Other times, a DUI suspect may not agree to submit to a breathalyzer test because he/she does not believe he/she is being treated fairly or he/she just does not want to give the state evidence to prove the DUI case in court.  In any case, as a practical matter, the implied consent law says that if the police officer has probable cause to believe a person is guilty of DUI, the police officer can request a breathalyzer test.  If the suspect refuses, the suspect is then subject to certain penalties.  A refusal may result in a longer driver’s license suspension.  A second refusal when there has been a previous refusal during a prior DUI case could result in a new misdemeanor charge.  For the instant case, if a person refuses the breathalyzer, the state will try to use that refusal against the defendant in the DUI case if it goes to trial.  The state will argue to the jury that the defendant refused the breathalyzer test because the defendant was drunk and knew he/she would fail it.  Of course, there are many reasons why a defendant would refuse a breathalyzer test, and the criminal defense attorney can make those counterarguments at a DUI trial.  Ultimately, it would be up to a jury to decide, if the DUI case goes to trial.

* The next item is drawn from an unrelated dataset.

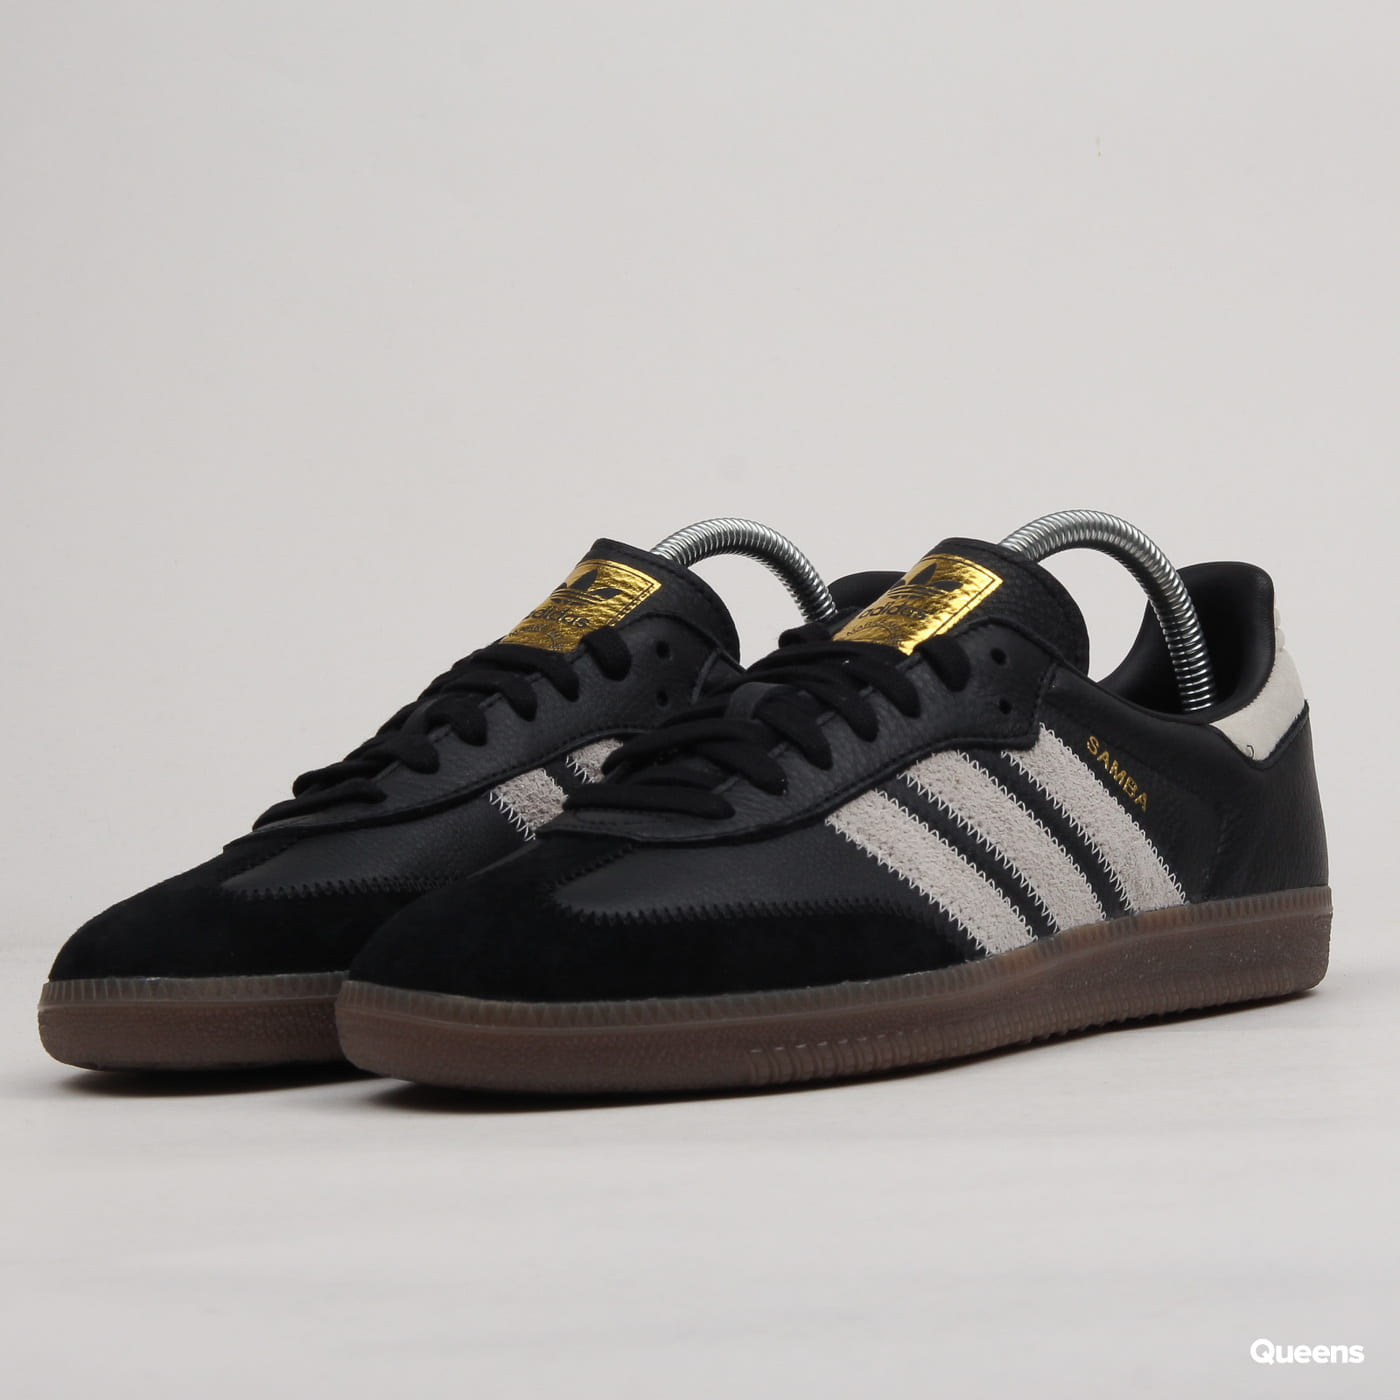 Sneakers adidas Originals Samba OG FT

Procedurally, in Jacksonville, Florida, the police normally do not offer the breathalyzer test until after the suspect has been arrested for DUI and taken to the jail.  That is one reason why people decide not to submit to a breathalyzer test.  The person is already arrested for DUI at that point, and no one gets “unarrested” after a good breathalyzer reading.  But, after the suspect is taken to the jail and brought to the breathalyzer room in the jail, if he/she refuses to submit to the breathalyzer, the state will try to use that refusal against the suspect in court.